ZJU-ENS Joint Laboratory of Medicinal Chemistry, College of Pharmaceutical Sciences, Zhejiang University, Hangzhou, PR China.
Arch Pharm (Weinheim). 2011 May;344(5):279-86. doi: 10.1002/ardp.201000069. Epub 2011 Feb 2.
A series of cis-restricted 4,5-diaryl-3-aminopyrazole derivatives were synthesized and tested for their cytotoxic activity in vitro against five human cancer cell lines (K562, ECA-109, A549, SMMC-7721, and PC-3). Compounds 5a, 5b, 5d, and 6b showed potent cytotoxicity against all tested cell lines. Primary mechanism research on compound 5a indicated that it was a potent inhibitor of tubulin polymerization, arresting cell cycle in G(2)/M phase. The docking research showed the conformation of 5a overlaps well with CA-4 in the crystallized protein complex, suggesting the 4,5-diaryl-3-aminopyrazoles were good mimics of CA-4.

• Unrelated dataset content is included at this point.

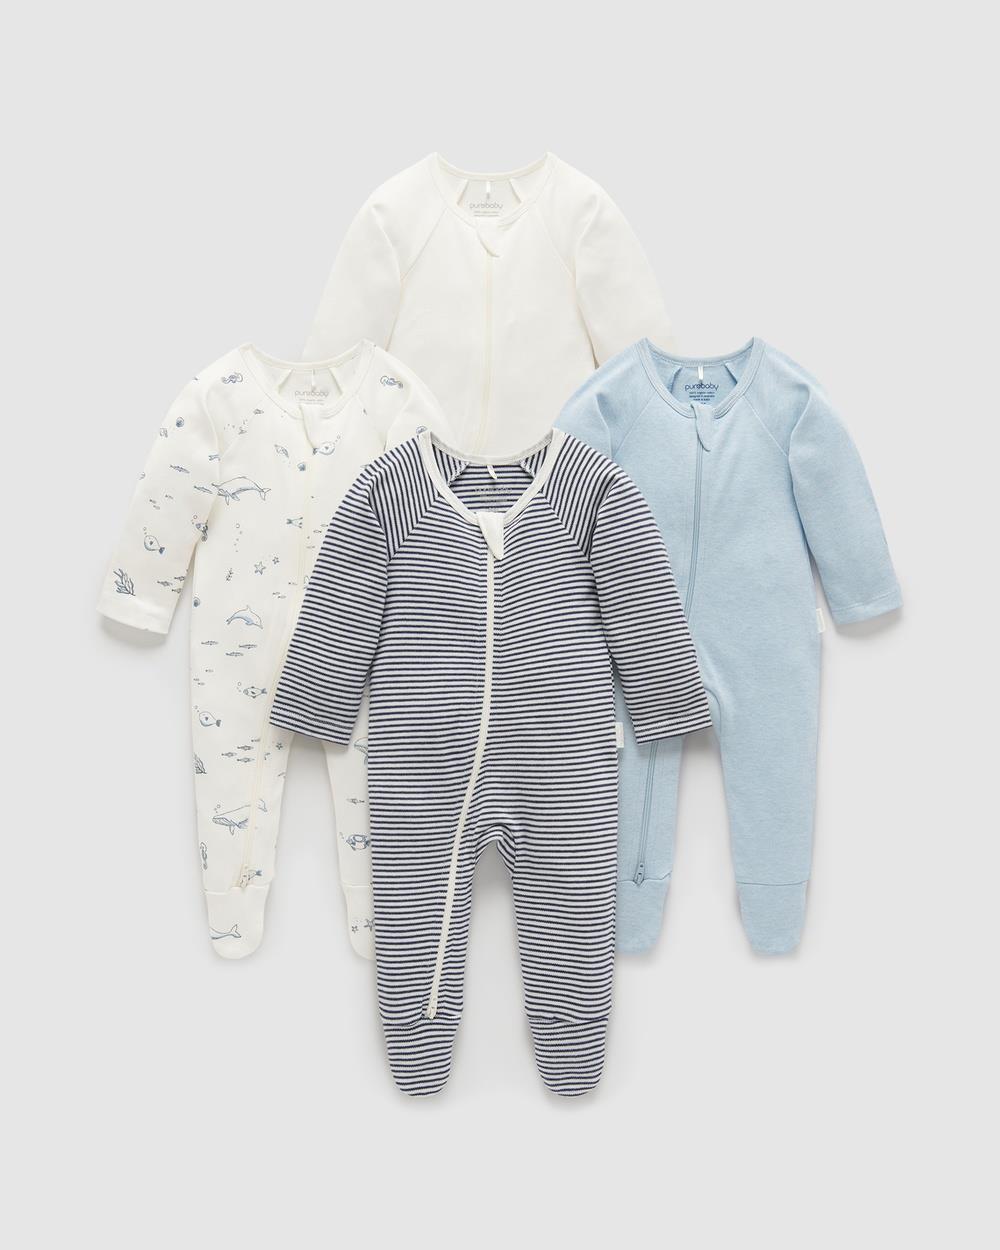 Purebaby - 4 Pack Zip Growsuit Babies - All onesies (BQ_Vanilla Nautical Pack) 4 Pack Zip Growsuit-Babies

一系列顺式限制的 4,5-二芳基-3-氨基吡唑衍生物被合成,并在体外对五种人癌细胞系(K562、ECA-109、A549、SMMC-7721 和 PC-3)进行了细胞毒性活性测试。化合物 5a、5b、5d 和 6b 对所有测试的细胞系均表现出很强的细胞毒性。对化合物 5a 的初步机制研究表明,它是一种有效的微管蛋白聚合抑制剂,可将细胞周期阻滞在 G2/M 期。对接研究表明,5a 的构象与结晶蛋白复合物中的 CA-4 很好地重叠,这表明 4,5-二芳基-3-氨基吡唑是 CA-4 的良好模拟物。